Rain lives with five co-workers in a red brick town house that his boss owns, part of a woodsy development near the restaurant. The house is tidy; there are three floors covered with white carpeting, and each worker has been supplied with an identical cot, a desk, a chair, and a lamp. “Some bosses don’t take care of the houses,” Rain said. “If they’re renting the house, especially, they don’t care. The rooms will actually smell.” Every restaurant worker has a story of sleeping in a dank basement or being packed in a room with five other people. Many complain of living in a house that has no washing machine, and being forced to spend their day off scrubbing their grease-spattered T-shirts in a sink.
So this is why he stays
For many restaurant workers, the decision to come to the U.S. is irrevocable. But, as the disappointments of immigrant life accrue, it can be hard not to imagine that things might be better elsewhere. Chinese-Americans, despite a good public image, suffer higher rates of poverty than the general public. Mental-health problems are an increasing concern in New York’s immigrant communities. In parts of China where the growing economy has given people more options, the allure of working in the U.S. has faded. This February, in a hostel in Queens, I met a woman who had just returned from a difficult day of job hunting. “I thought America would be heaven, and all it is is cold!” she complained. She returned to Beijing after four months. In Fuzhou, a taxi-driver told me that he was glad his attempts to emigrate had failed. “My father says that having a son in the United States is like having no son at all,” he said.

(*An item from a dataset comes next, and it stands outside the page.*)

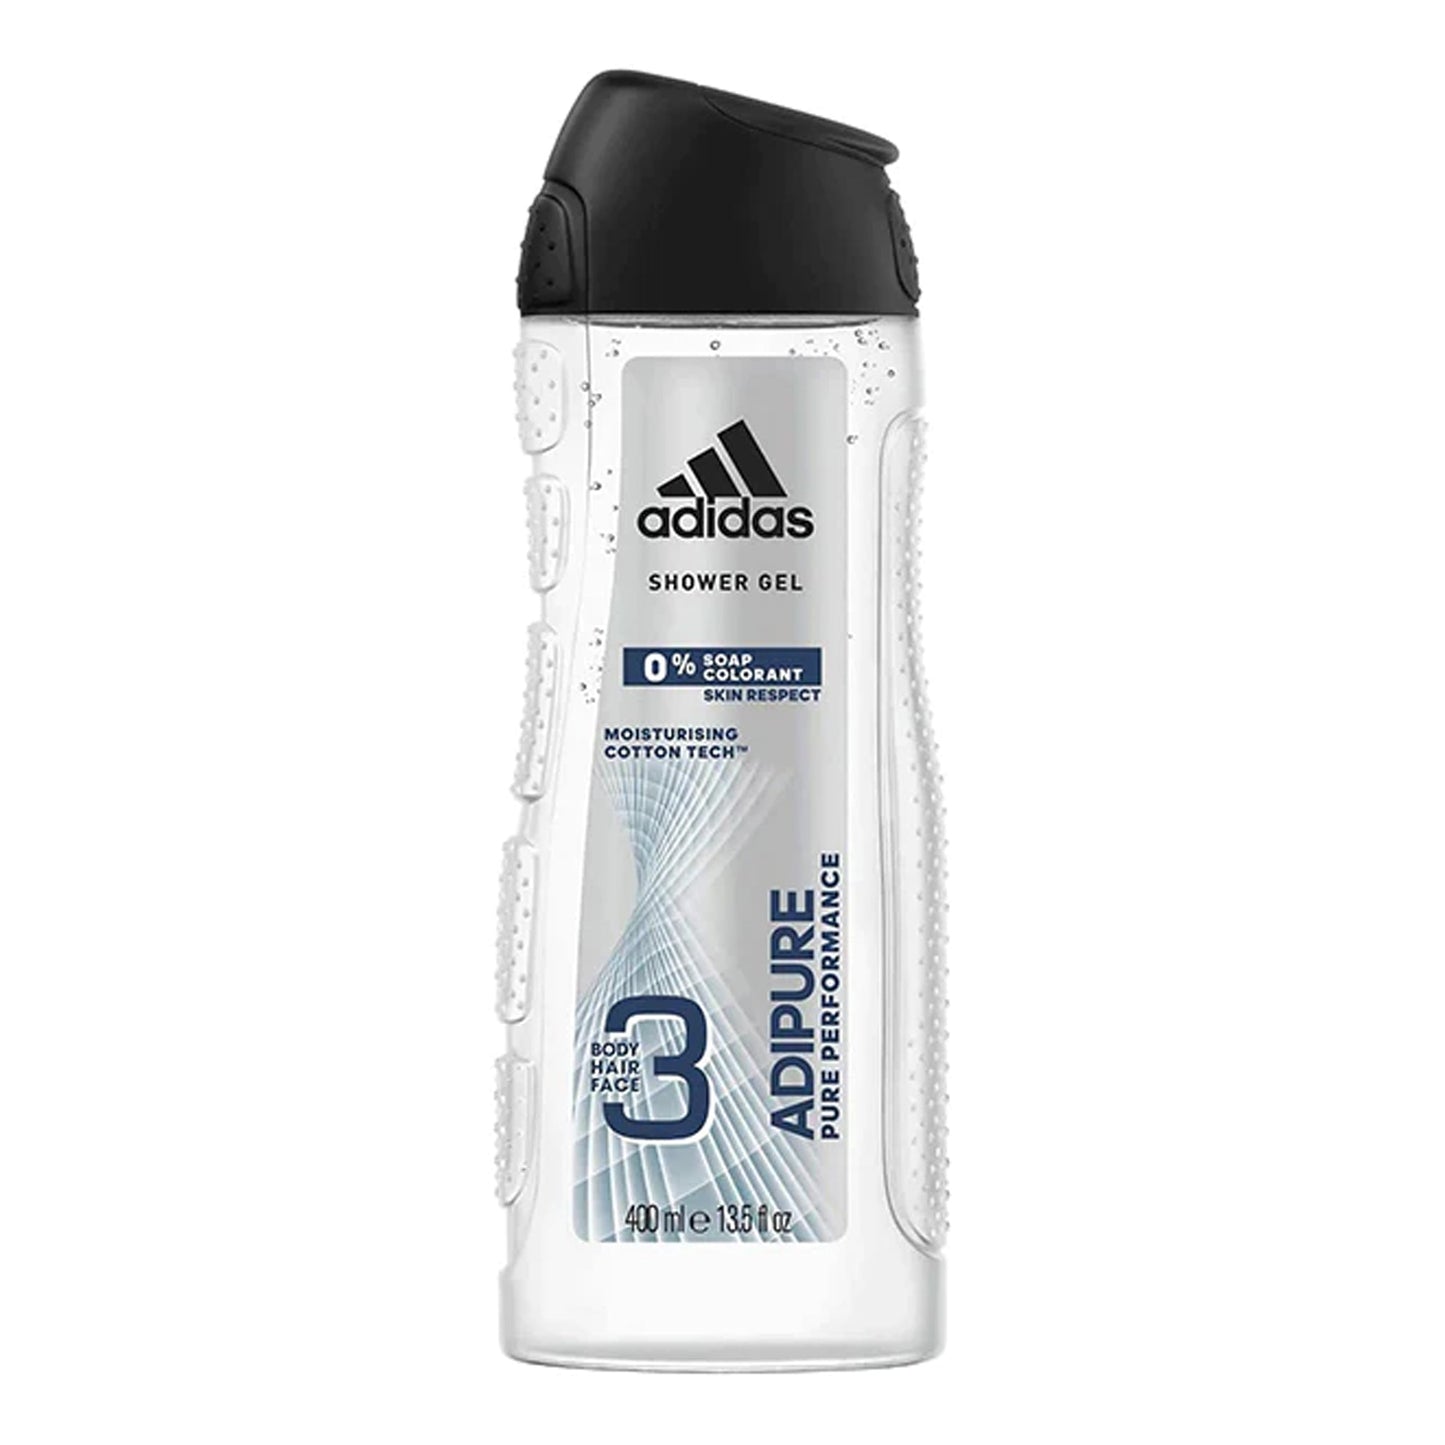 ADIDAS - ADIPURE PURE PERFORMANCE 3 IN 1 SHOWER GEL WITH MOISTURING COTTON TECH - 400ML

Rain tried not to dwell on returning to Maryland, where he was due in a few days. Everyone else who had worked at the restaurant when he started had been driven off by the boss’s temper. “And it’s so far away,” Rain said. If he could find a job somewhere closer, he could see Annie every weekend. As his family’s only son, Rain feels increasing pressure to send money home to his mother. But, he reasoned, everyone who comes to the U.S. should be prepared for hardship. “Everything we do, we do for the next generation,” he said, and added, “No matter what, it beats sitting around in the village.”